» **Collected data**
——
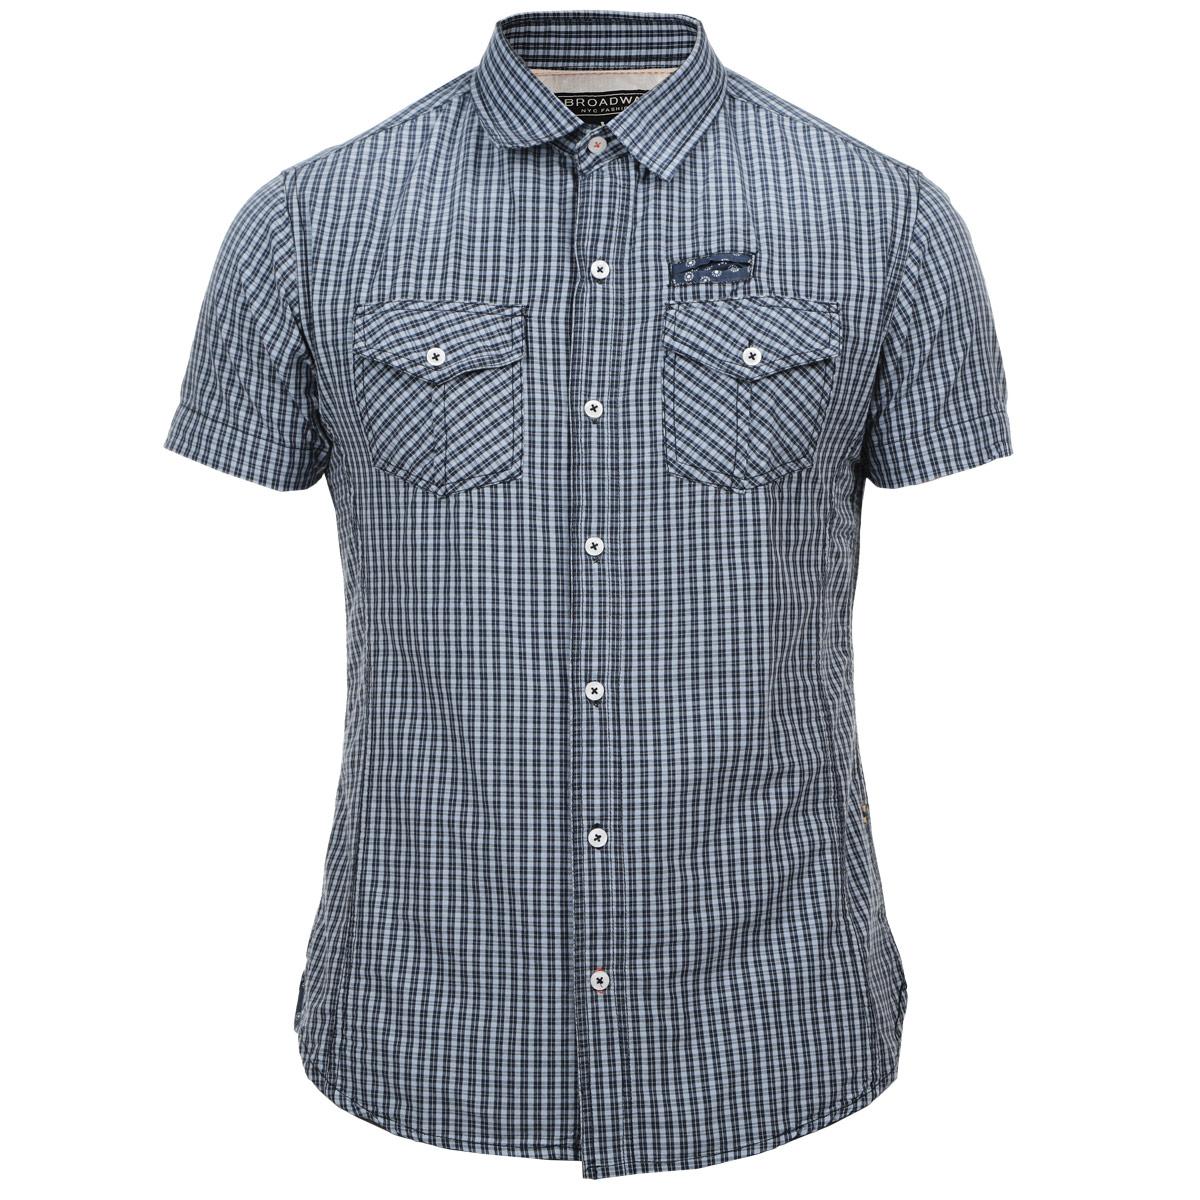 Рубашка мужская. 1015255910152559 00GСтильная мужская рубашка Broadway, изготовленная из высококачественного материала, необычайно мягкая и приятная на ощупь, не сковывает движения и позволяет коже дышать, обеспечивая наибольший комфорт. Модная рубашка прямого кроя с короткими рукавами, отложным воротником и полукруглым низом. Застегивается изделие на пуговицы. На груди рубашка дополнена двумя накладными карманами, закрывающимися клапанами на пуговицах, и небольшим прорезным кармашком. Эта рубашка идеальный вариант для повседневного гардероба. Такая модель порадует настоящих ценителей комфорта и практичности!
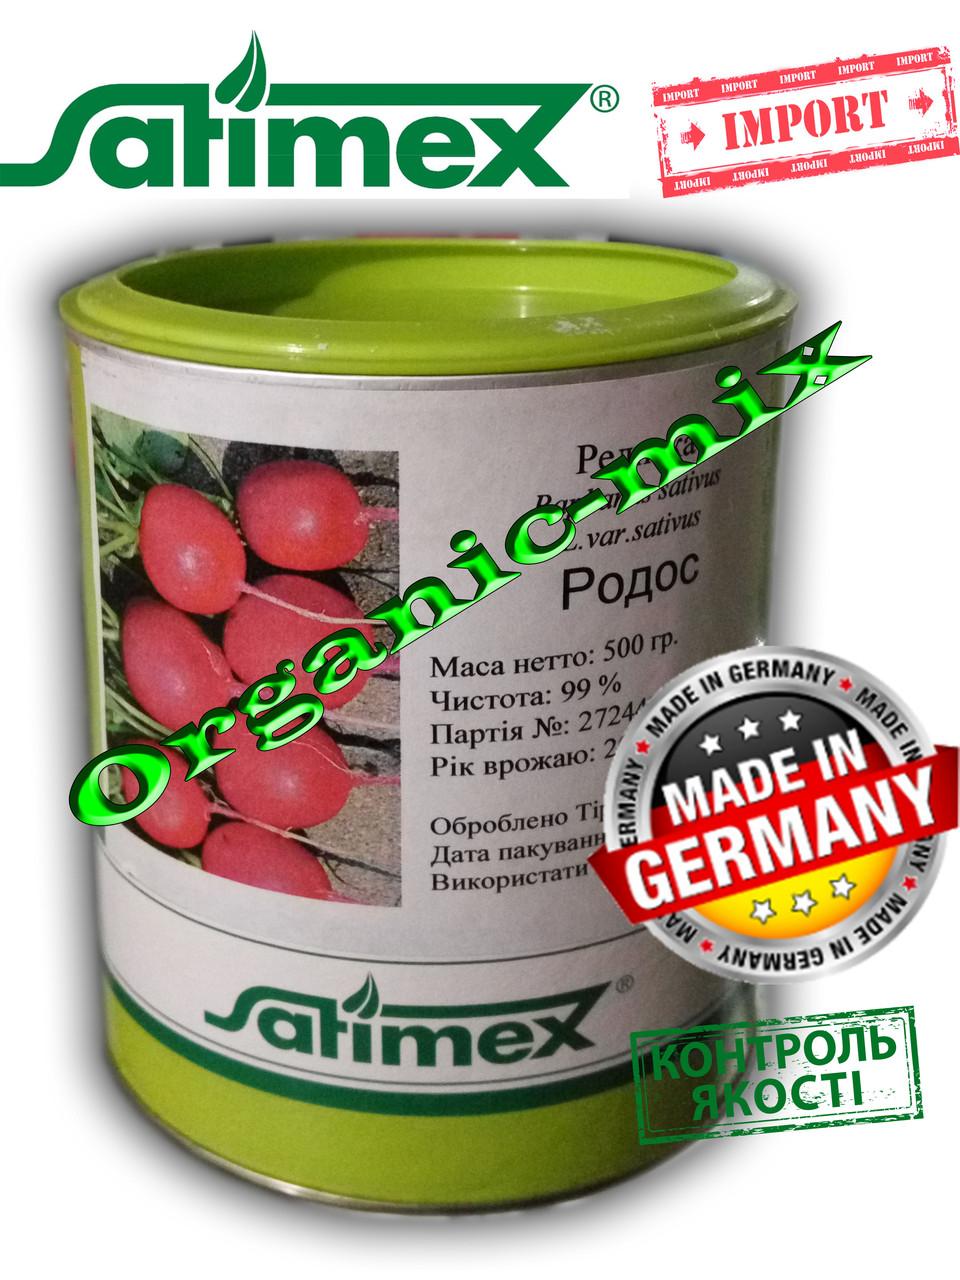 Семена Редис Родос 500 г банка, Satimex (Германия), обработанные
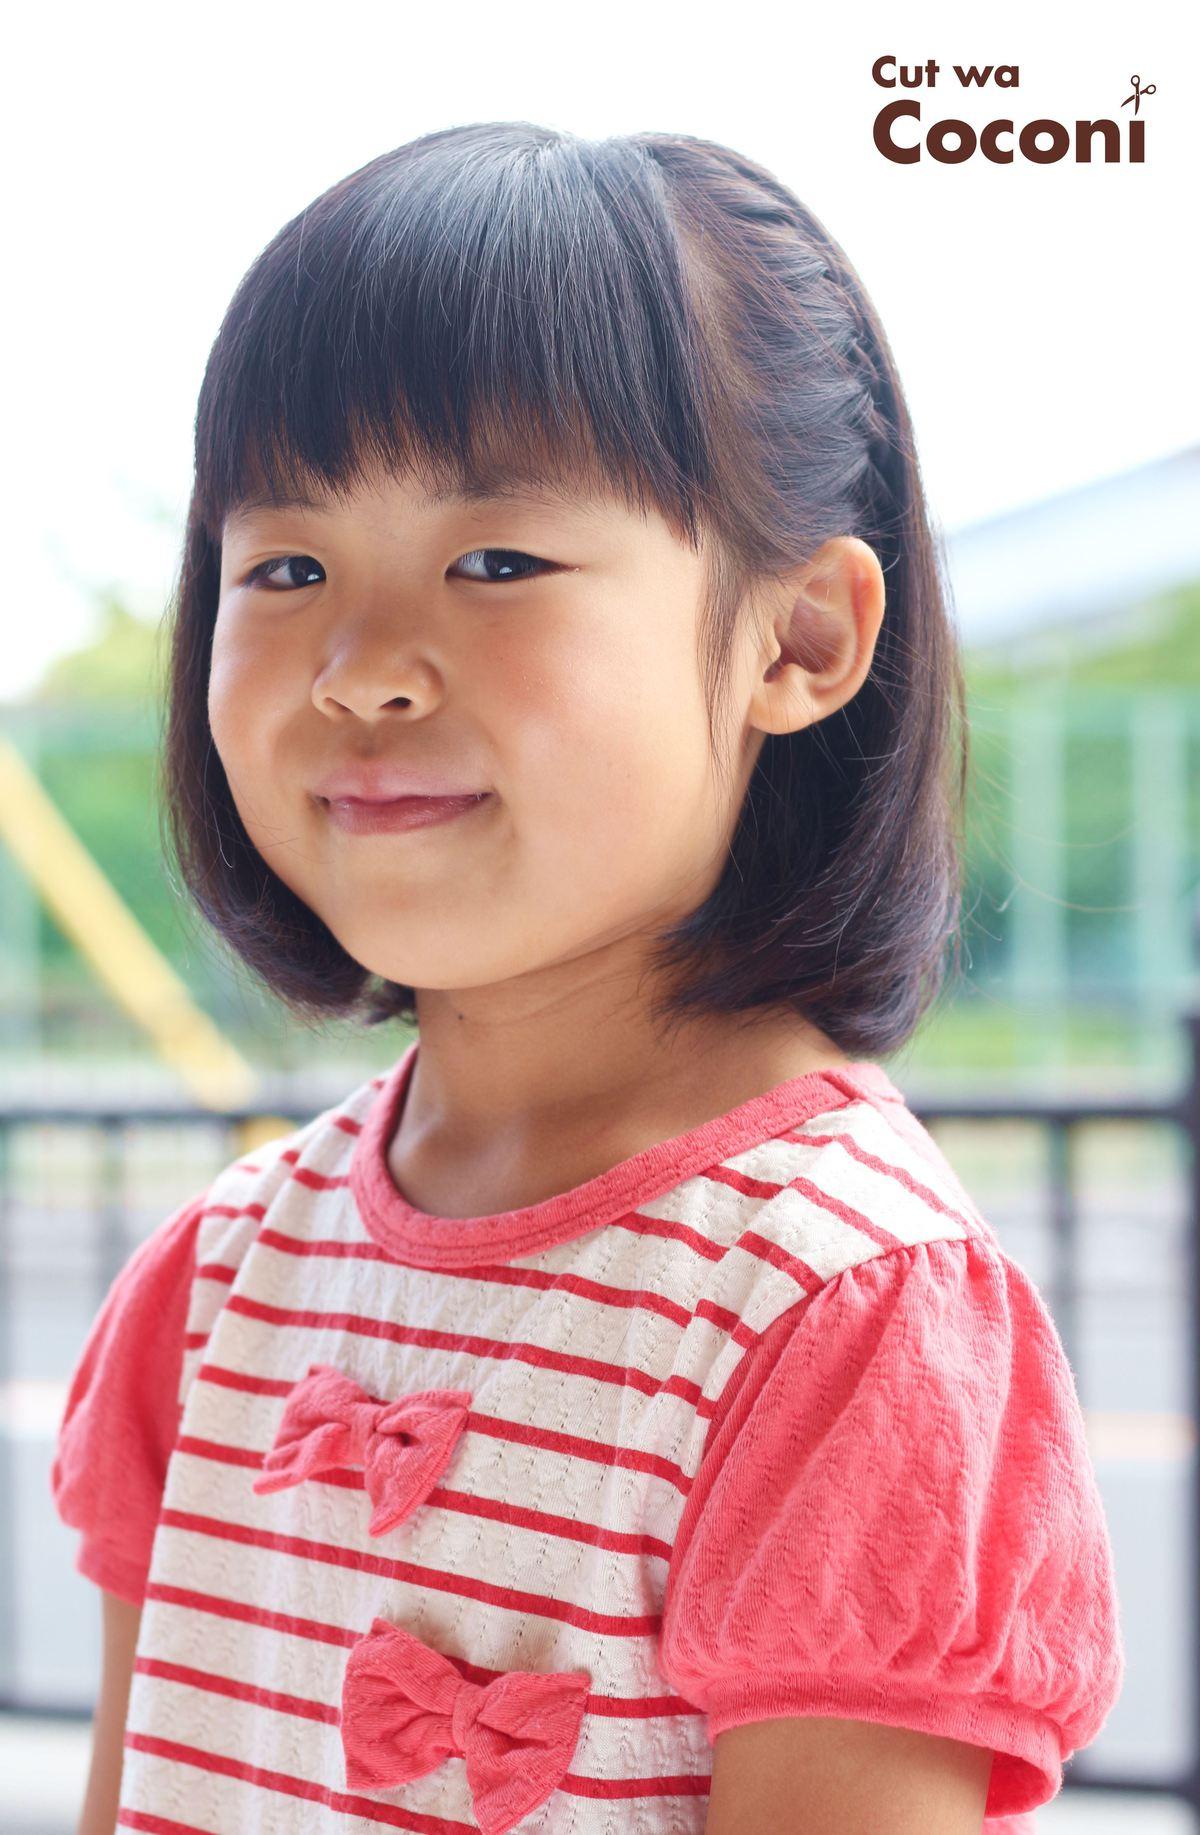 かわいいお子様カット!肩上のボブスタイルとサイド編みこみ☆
——
» **About this task**
Quote the data above in full and without alteration; skip the pictures.

» **Result for this task**
 Рубашка мужская. 1015255910152559 00GСтильная мужская рубашка Broadway, изготовленная из высококачественного материала, необычайно мягкая и приятная на ощупь, не сковывает движения и позволяет коже дышать, обеспечивая наибольший комфорт. Модная рубашка прямого кроя с короткими рукавами, отложным воротником и полукруглым низом. Застегивается изделие на пуговицы. На груди рубашка дополнена двумя накладными карманами, закрывающимися клапанами на пуговицах, и небольшим прорезным кармашком. Эта рубашка идеальный вариант для повседневного гардероба. Такая модель порадует настоящих ценителей комфорта и практичности!
 Семена Редис Родос 500 г банка, Satimex (Германия), обработанные
 かわいいお子様カット!肩上のボブスタイルとサイド編みこみ☆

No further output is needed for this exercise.